Prabhakaran explicitly stated that an armed struggle is the only way to resist asymmetric warfare, in which one side, that of the Sri Lankan government, is armed and the other comparatively unarmed. He argued that he chose military means only after observing that non–violent means have been ineffectual and obsolete, especially after the Thileepan incident. Thileepan, a Lt. colonel rank officer adopted Gandhian means to protest against the IPKF killings by staging a fast unto death from 15 September 1987, and by abstaining from food or water until 26 September, when he died in front of thousands of Tamils who had come there to fast along with him.

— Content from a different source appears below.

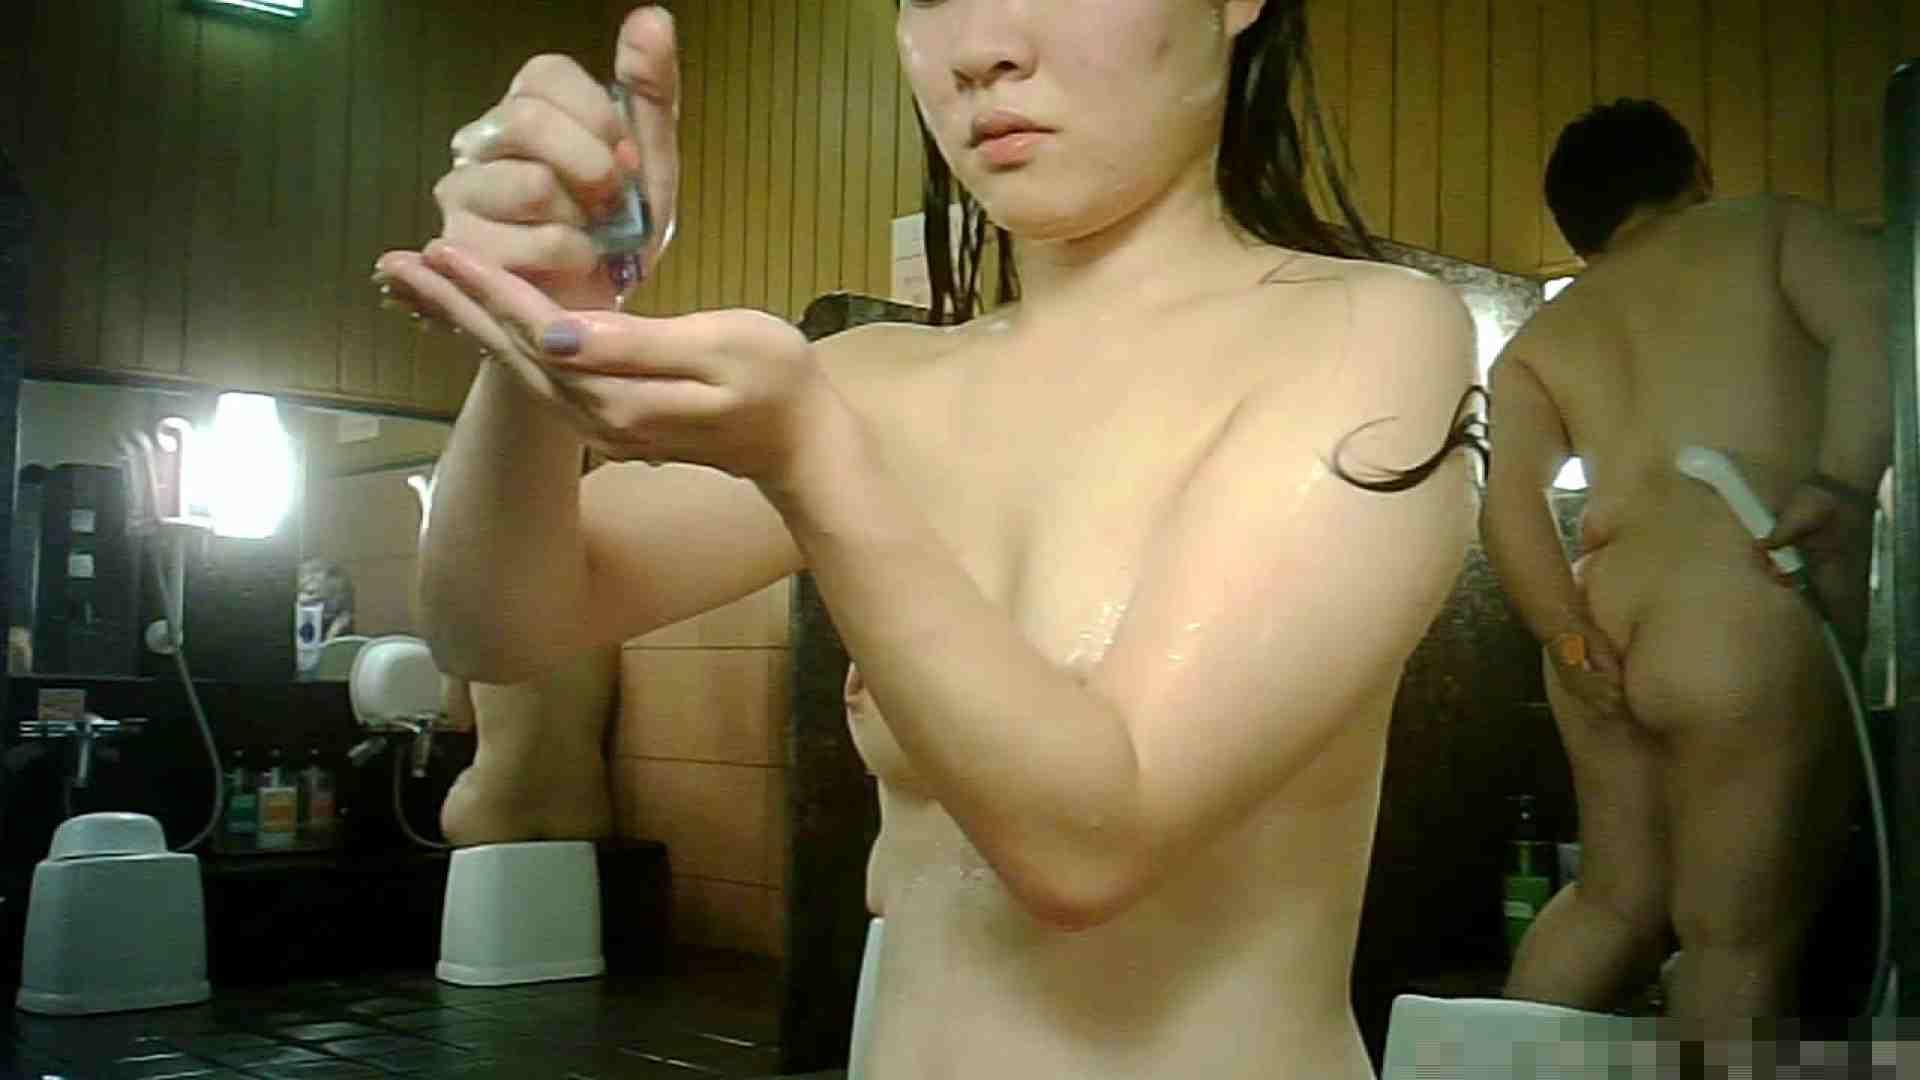 おまんこ丸見え|Vol.46 追い撮り!乳首陥没っのジャージ嬢、自慢は長い髪の毛でしょう。|怪盗ジョーカー

Tactically, Prabhakaran perfected the recruitment and use of suicide bomber units. His fighters usually took no prisoners and were notorious for assaults that often left every single enemy soldier dead. Interpol described him as someone who was "very alert, known to use disguise and capable of handling sophisticated weaponry and explosives." He was called a "military genius" by western military experts.

==Personal life==
Prabhakaran was married to Mathivathani Erambu on 1 October 1984 at Tirupporur, near Chennai. The military spokesman Udaya Nanayakkara said in May 2009 that there was no information about the whereabouts of the remaining members of Prabhakaran's family. "We have not found their bodies and have no information about them," he said. It is thought that the entire family was wiped out, although the bodies of Mathivathani and Duvaraga were never found. His 12-year old son Balachandran was allegedly executed.

Prabhakaran's parents, Thiruvenkadam Velupillai and Parvathi, both in their 70s, were found in the Menik Farm camp for displaced people near the town of Vavuniya. The Sri Lankan military and the government gave public assurances that they would not be interrogated, harmed or ill-treated. They were taken into Sri Lankan military custody until Vellupillai's death in January 2010. Prabhakaran has a sister, Vinodini Rajendaran.

One of Prabhakaran's personal bodyguards was Captain Mayuran (Saba), who served in his close protection unit in the early 1990s and was killed in the Battle of Pooneryn in 1993.

===Other names===
Prabhakaran had over the years built up the LTTE into a powerful movement running a shadow state and had acquired the status of being "Thesiya Thalaivar" (National Leader of the Land). He was called thambi, meaning "younger brother", by Eelam Tamil elders, which was also his pet name since he was the youngest in his family. He was also called as Anna/Annai, meaning 'elder brother' by his younger cadets and the younger Eelam Tamil people. Prabhakaran was also called "Karikalan" for his bravery and his administration (in reference to Karikala Chola, a famous Chola king who ruled in Sangam Age). He was additionally raised to divine status as Sooriyathevan (God of the Sun) by his followers. This was a title used by some of his supporters and within the LTTE to emphasize his leadership and charisma. Prabhakaran was a controversial figure and his moniker as "Sooriyathevan" was symbolic rather than a religious or widely accepted title.